GESCHMACK, SPRACHE, ZUNGE [11]
Schleimiger Geschmack. θ Gastralgie.
Saurer Geschmack.
GAUMEN UND HALS [13]
Kratzen im Hals.
APPETIT, DURST. VERLANGEN, ABNEIGUNGEN [14]
Nagender Hunger; Verlangen nach in Milch gekochtem Brot.
Appetit groß; Heißhunger bei fortschreitender Abmagerung; Marasmus.
Appetitlosigkeit. θ Gastralgie.
MAGENGEGEND UND MAGEN [17]
Brennen im Magen wie von Säure.
Völle und Aufgetriebenheit in der Magengegend.
Empfindung, als ob der Magen herabhänge oder im Wasser schwimme, mit einem eigentümlichen Kältegefühl und einer Dumpfheit gegen alle Reize. θ Gastralgie.
Schneidende, nagende, brennende, bisweilen zusammenziehende und stechende Schmerzen, meist < nachts; selbst in den Zwischenzeiten niemals vollständig schmerzfrei. θ Gastralgie.
Gestörte Verdauung. θ Chlorose.
BAUCH UND LENDEN [19]
Schwaches, sinkendes Gefühl in den Därmen.
Häufige kolikartige Schmerzen. θ Marasmus.
Aufgetriebener Bauch. θ Chlorose; Marasmus; Kolik.
Harte Knoten in verschiedenen Teilen des Bauches.
STUHL UND REKTUM [20]
Nach plötzlich unterdrückter Diarrhö Rheumatismus.
Hämorrhoiden treten auf und werden <, wenn die rheumatischen Schmerzen nachlassen; häufiger Stuhldrang; es geht fast nur Blut ab.
Verstopfung. θ Gastralgie.
(Beob.:) Würmer, besonders Askariden. θ Marasmus.
Wechsel von Diarrhö und Verstopfung; die Nahrung geht unverdaut ab. θ Marasmus.
Hervortretende hämorrhoidale Knoten, brennend bei Berührung und beim Pressen.
HARNORGANE [21]
Harnblase voll, Drang zum Harnlassen.
Harn spärlich.
MÄNNLICHE GESCHLECHTSORGANE [22]
Hydrozele bei Kindern.
WEIBLICHE GESCHLECHTSORGANE [23]
Einschießender Schmerz in der Gegend des linken Eierstocks.

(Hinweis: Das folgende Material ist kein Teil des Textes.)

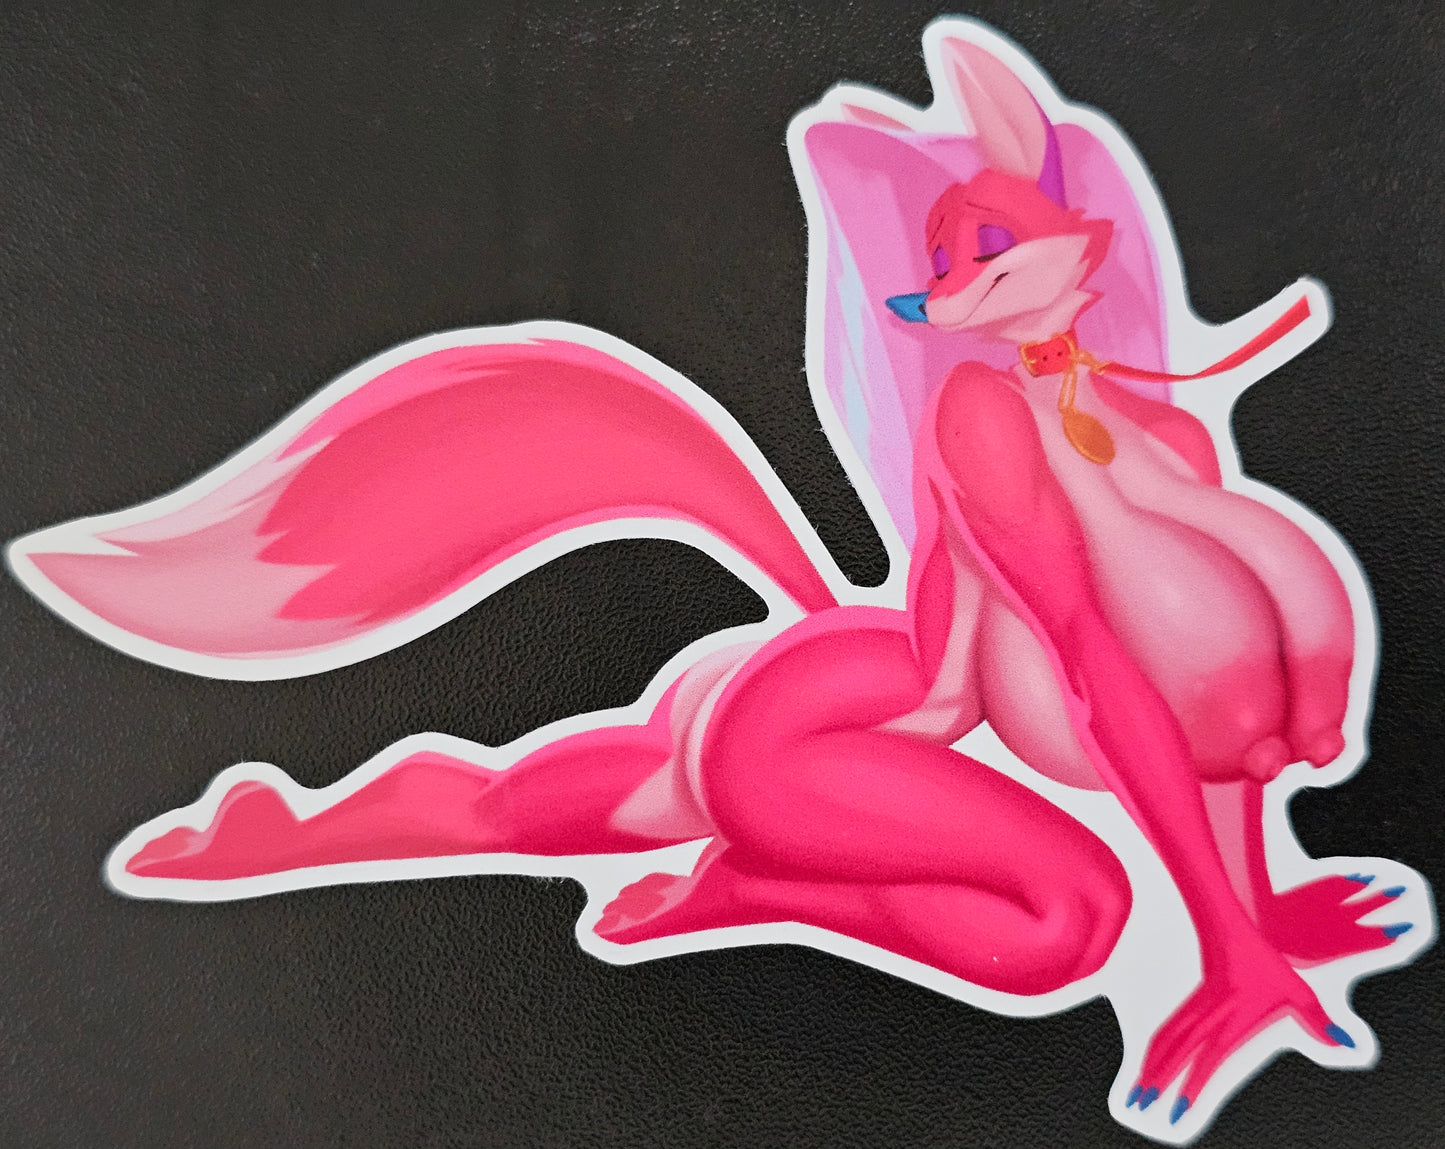 Cotton Candy Foxy's sticker pack 1

Zucken in den Ovarialgegenden, scheint sich bis in den Rücken zu erstrecken.
(Beob.:) Geschwüre am os tincæ.
Dysmenorrhö; unterdrückte Menses.
SCHWANGERSCHAFT. GEBURT. STILLZEIT [24]
Erschwerte Geburt.
Blut und Feuchtigkeit sickern aus dem Nabel neugeborener Kinder.
STIMME UND KEHLKOPF. LUFTRÖHRE UND BRONCHIEN [25]

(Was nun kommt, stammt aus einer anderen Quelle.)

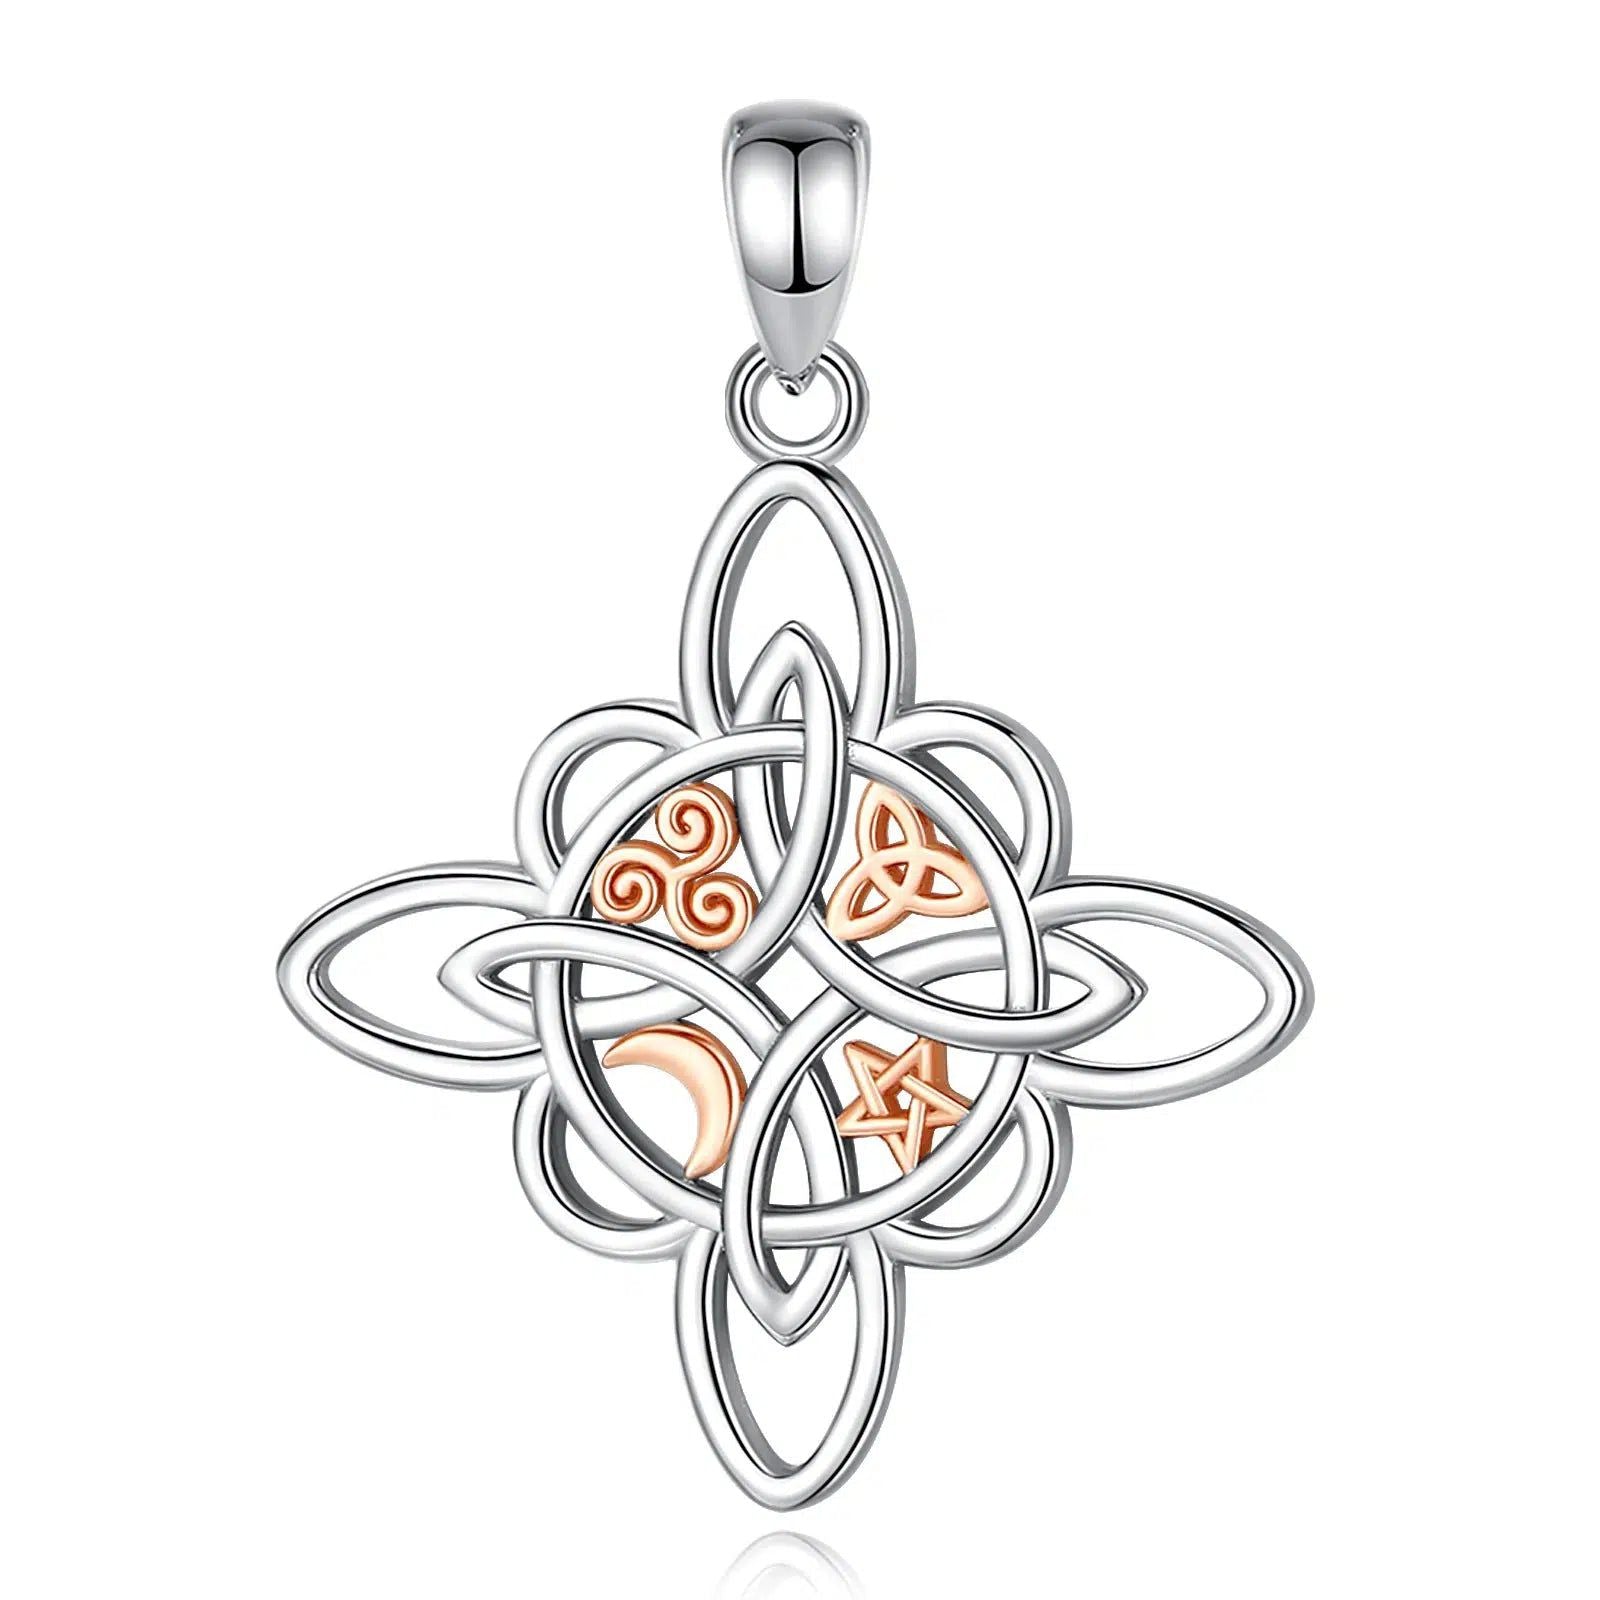 Witchcraft Celtic Knot Necklace Witch Jewelry-MoonChildWorld

Plötzliche Heiserkeit; schwache Stimme.
ATMUNG [26]
Erschwerte Atmung.
HUSTEN [27]
Quälender Husten. θ Rheumatismus.
BRUSTINNERES UND LUNGE [28]
Wundheitsgefühl in den Atemwegen durch kalte Luft.
Bei Pleuritis (nach Acon. und Bryon.), wenn in der befallenen Seite ein Druckgefühl zurückbleibt, das freies Atmen behindert.

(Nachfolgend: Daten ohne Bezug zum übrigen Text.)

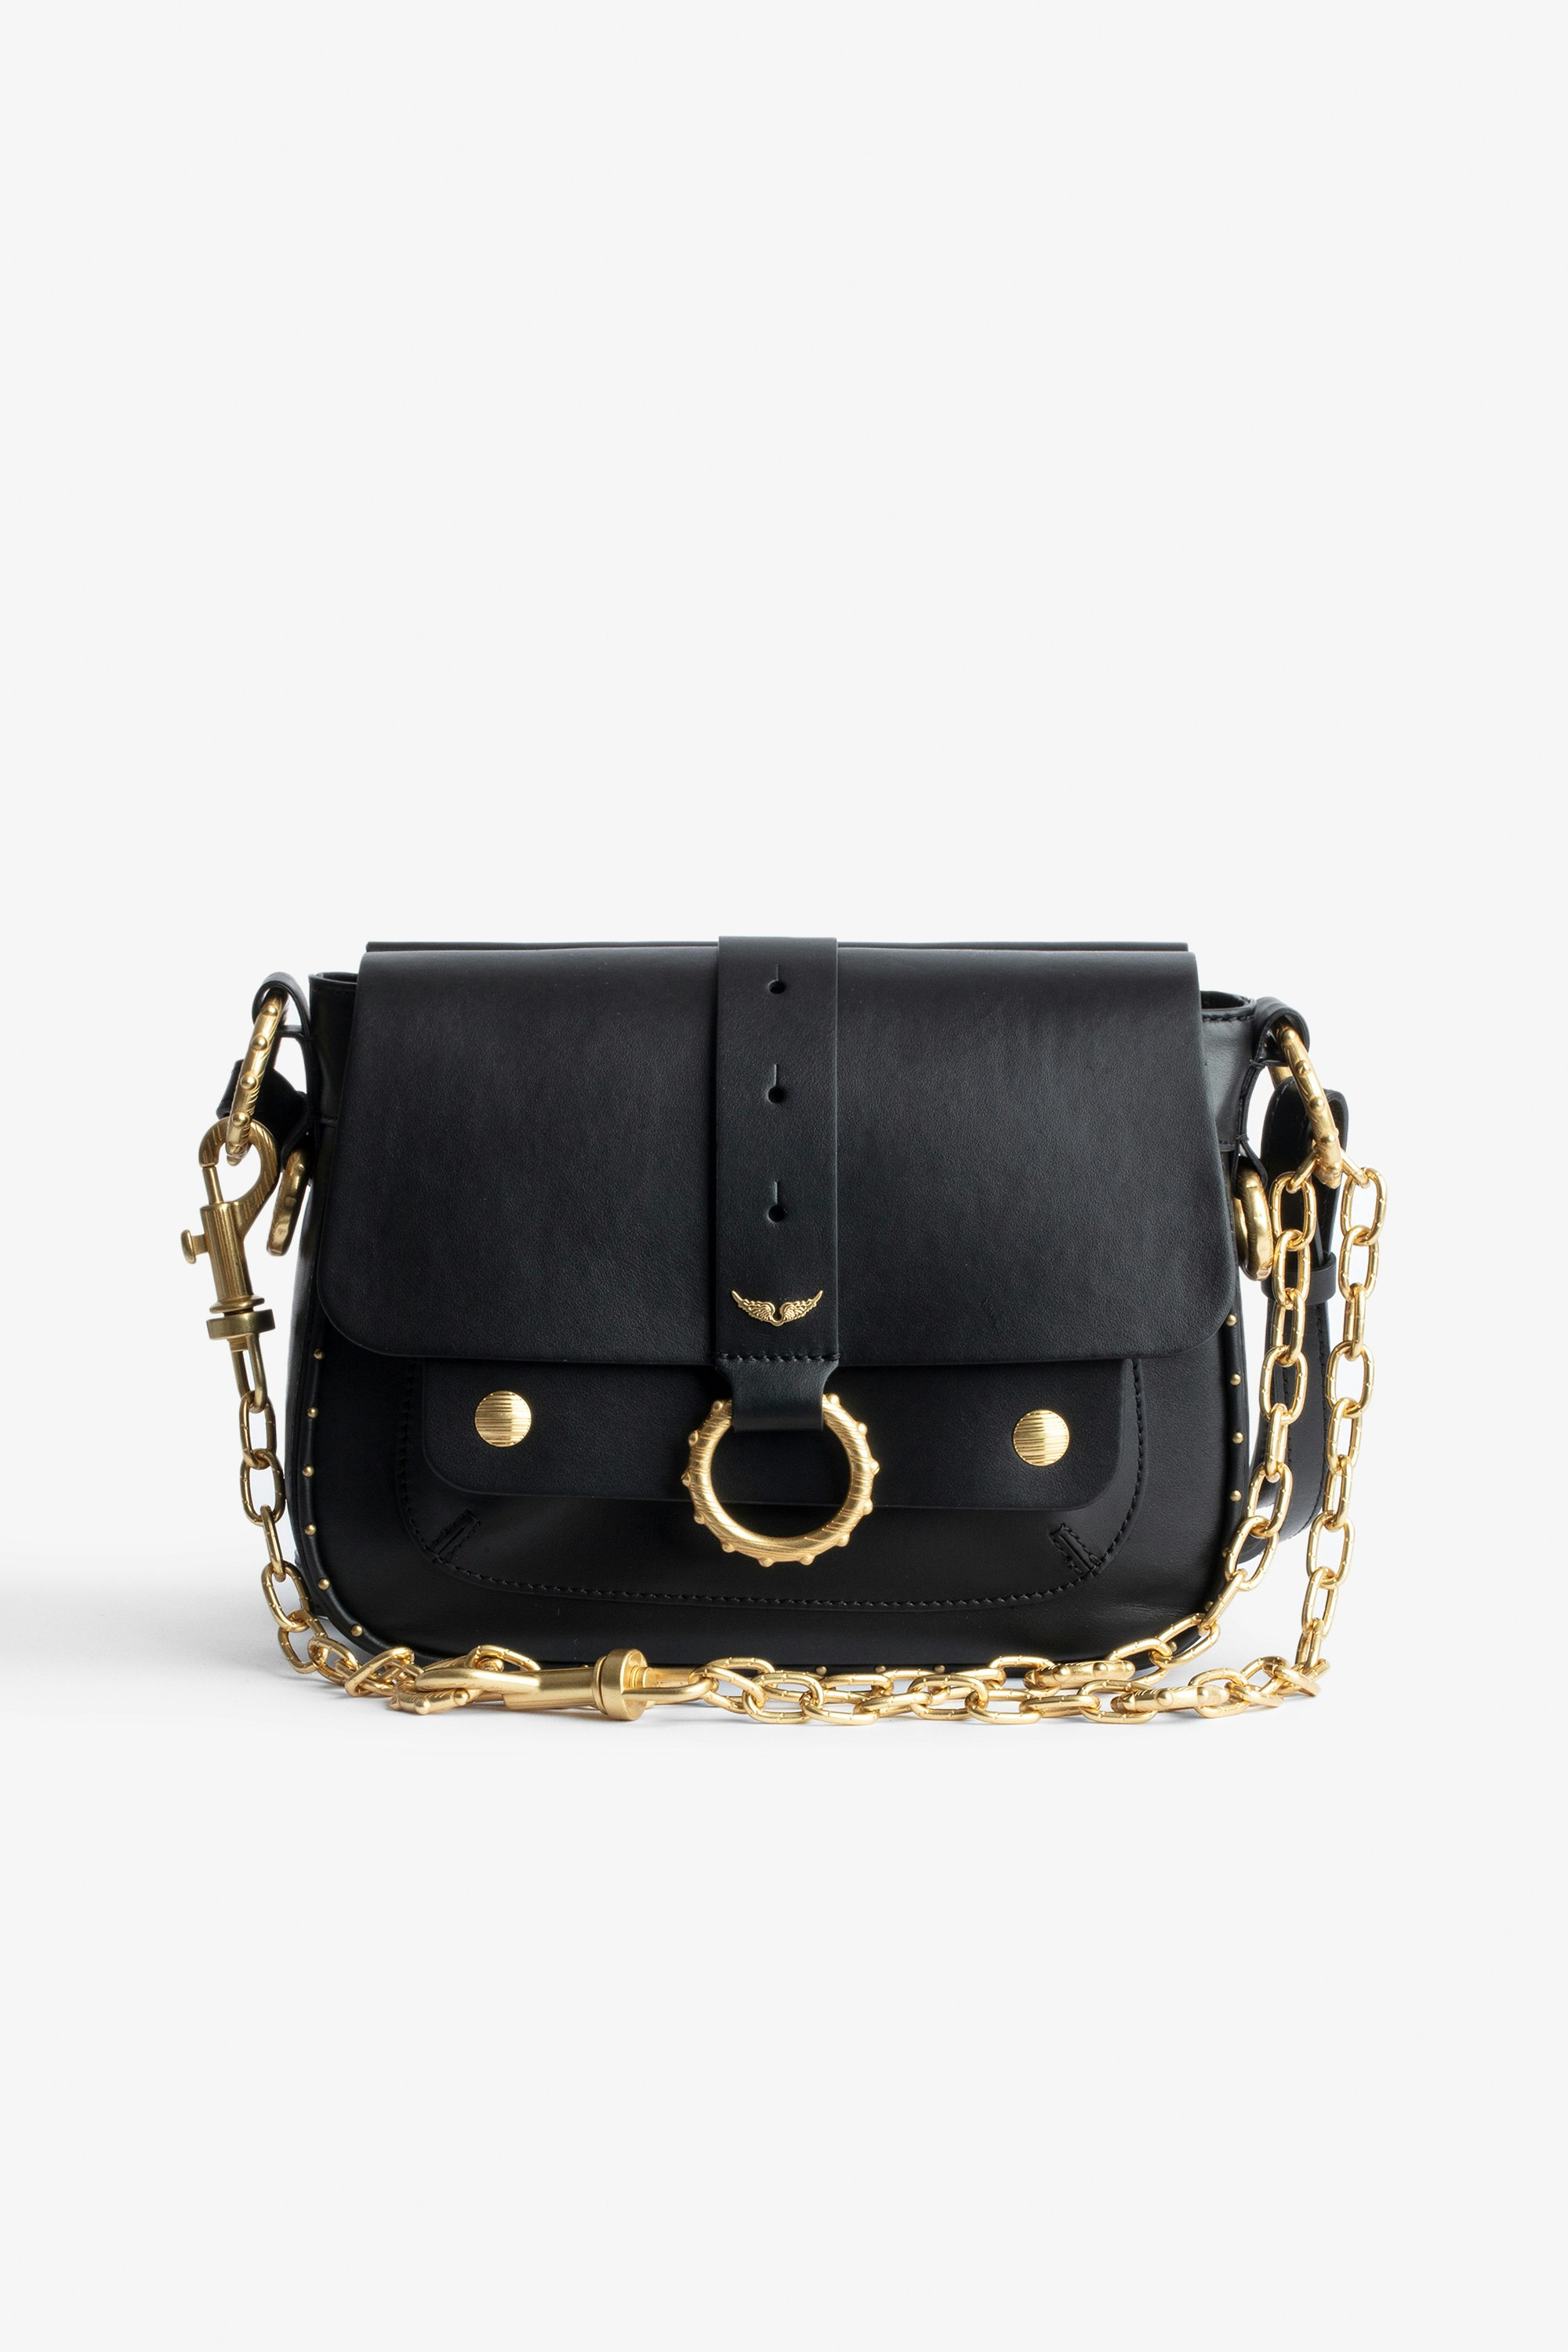 Kate Bag - Women’s black grained leather bag with gold-toned chains.

HERZ, PULS UND KREISLAUF [29]
Schmerz quer durch die Brust, stechend und heftig in der Herzgegend. θ Rheumatismus.
Puls schwach und klein. θ Chlorose.
Wallungen mit allgemeiner Hitze und erweiterten Venen an Stirn und Händen. θ Hämorrhoidalkolik.
BRUSTWAND [30]
Ziehende Schmerzen in den Brustmuskeln, besonders bei Bewegung.
HALS UND RÜCKEN [31]
Schwacher Rücken, mit Ovarialschmerzen.
Schmerzen im Kreuzbein. θ Hämorrhoidalkolik.
OBERE EXTREMITÄTEN [32]
Flüchtige Schmerzen in den Schultern die ganze Nacht hindurch, den Schlaf verhindernd.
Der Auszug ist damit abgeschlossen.